### [ASSIGNMENT]
Both the line with "juguete de conejo" and the line with "Фото - рис шлифованный" in the records below must appear in the output, along with every line between them, exactly and with nothing added.

RECORDS FOR THE TASK section start

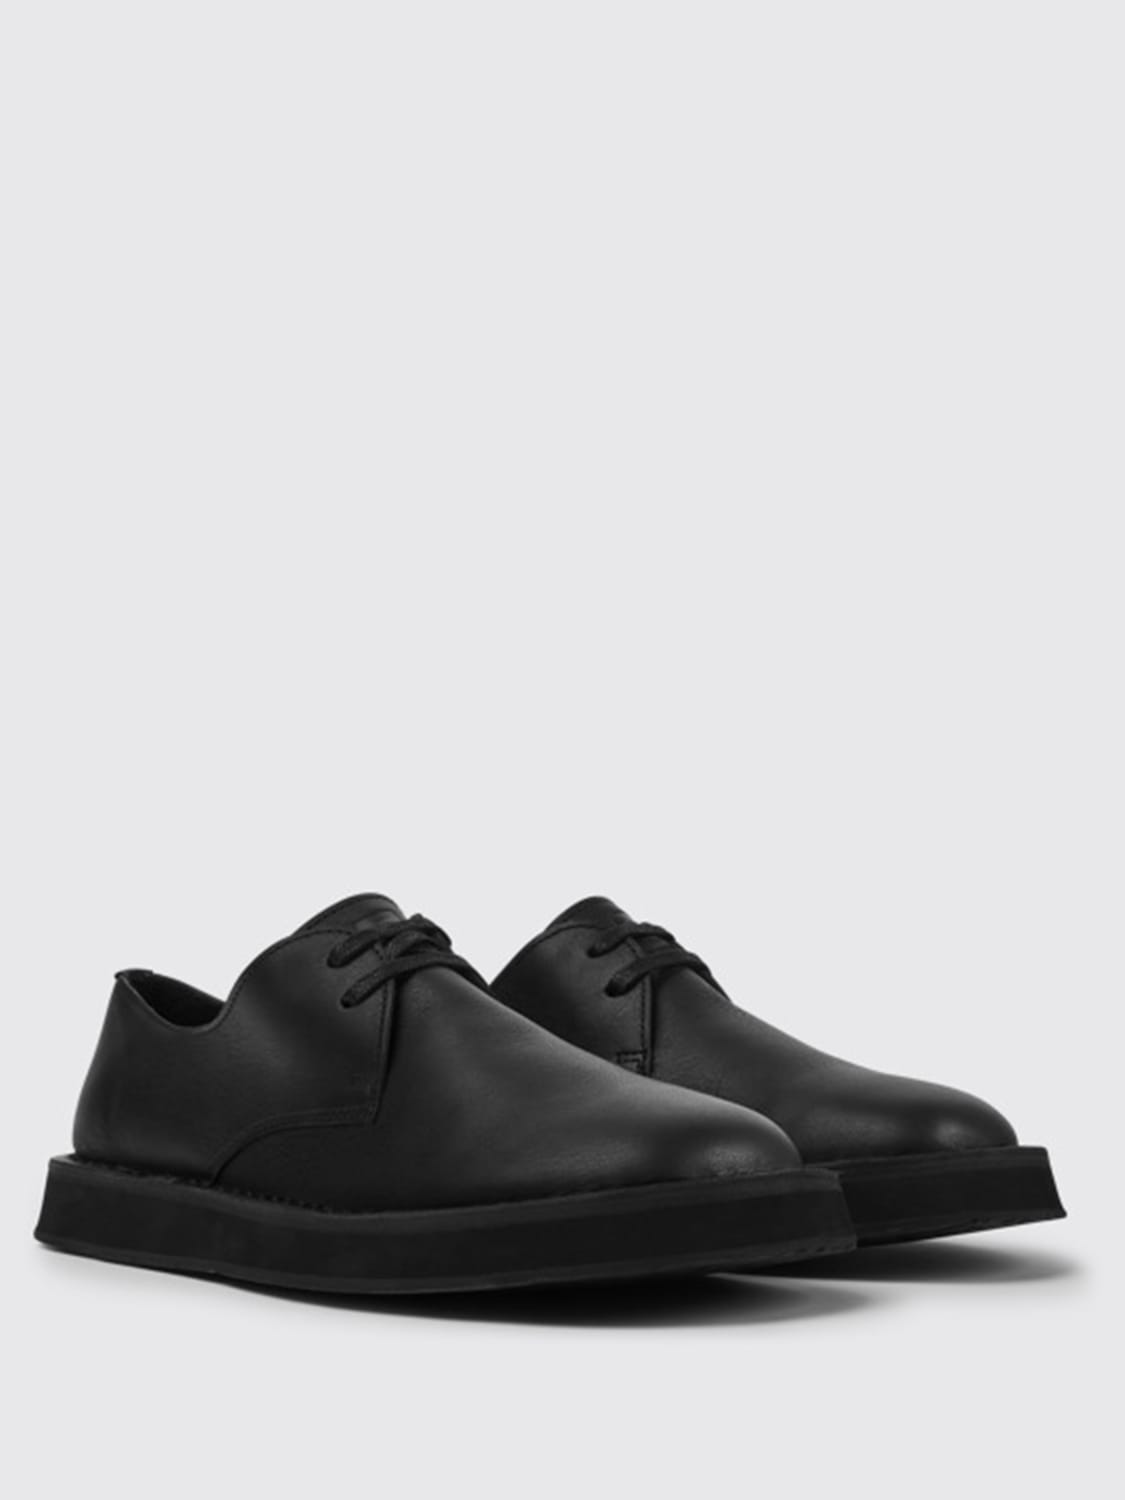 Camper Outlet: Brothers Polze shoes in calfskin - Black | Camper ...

RECORDS FOR THE TASK section end
RECORDS FOR THE TASK section start

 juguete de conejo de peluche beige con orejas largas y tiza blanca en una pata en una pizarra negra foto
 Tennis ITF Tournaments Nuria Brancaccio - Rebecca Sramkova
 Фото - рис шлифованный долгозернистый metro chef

RECORDS FOR THE TASK section end
RECORDS FOR THE TASK section start

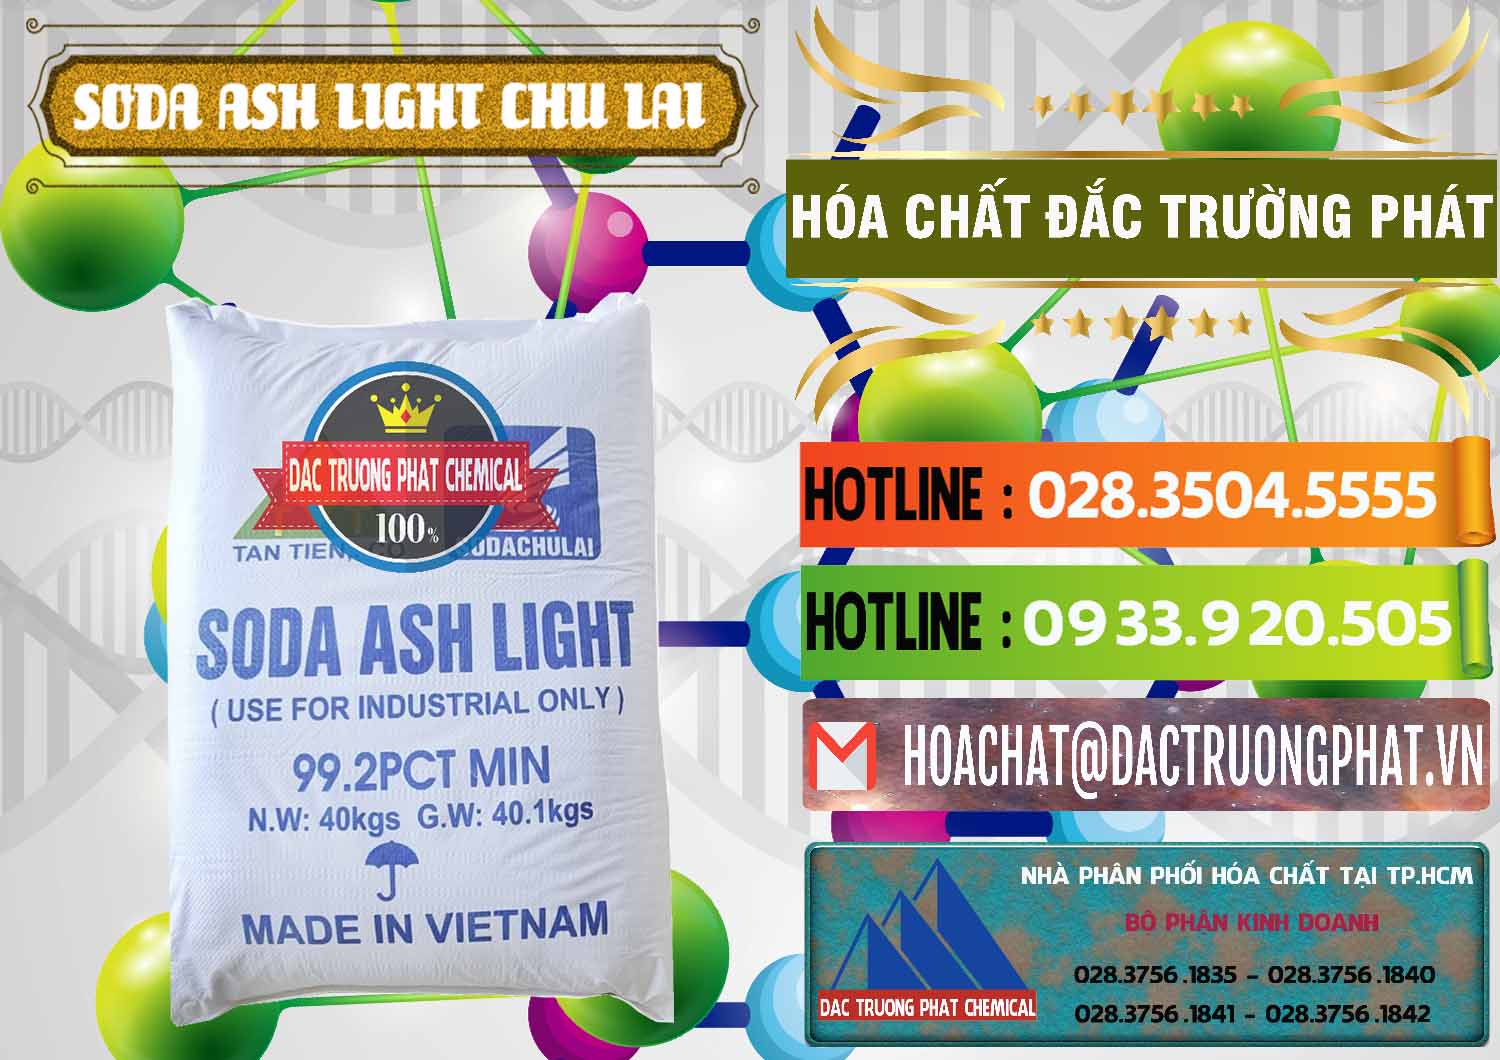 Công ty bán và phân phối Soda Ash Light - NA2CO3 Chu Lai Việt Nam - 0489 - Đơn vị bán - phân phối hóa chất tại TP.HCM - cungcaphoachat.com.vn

RECORDS FOR THE TASK section end

### [EXPECTED OUTPUT]
 juguete de conejo de peluche beige con orejas largas y tiza blanca en una pata en una pizarra negra foto
 Tennis ITF Tournaments Nuria Brancaccio - Rebecca Sramkova
 Фото - рис шлифованный долгозернистый metro chef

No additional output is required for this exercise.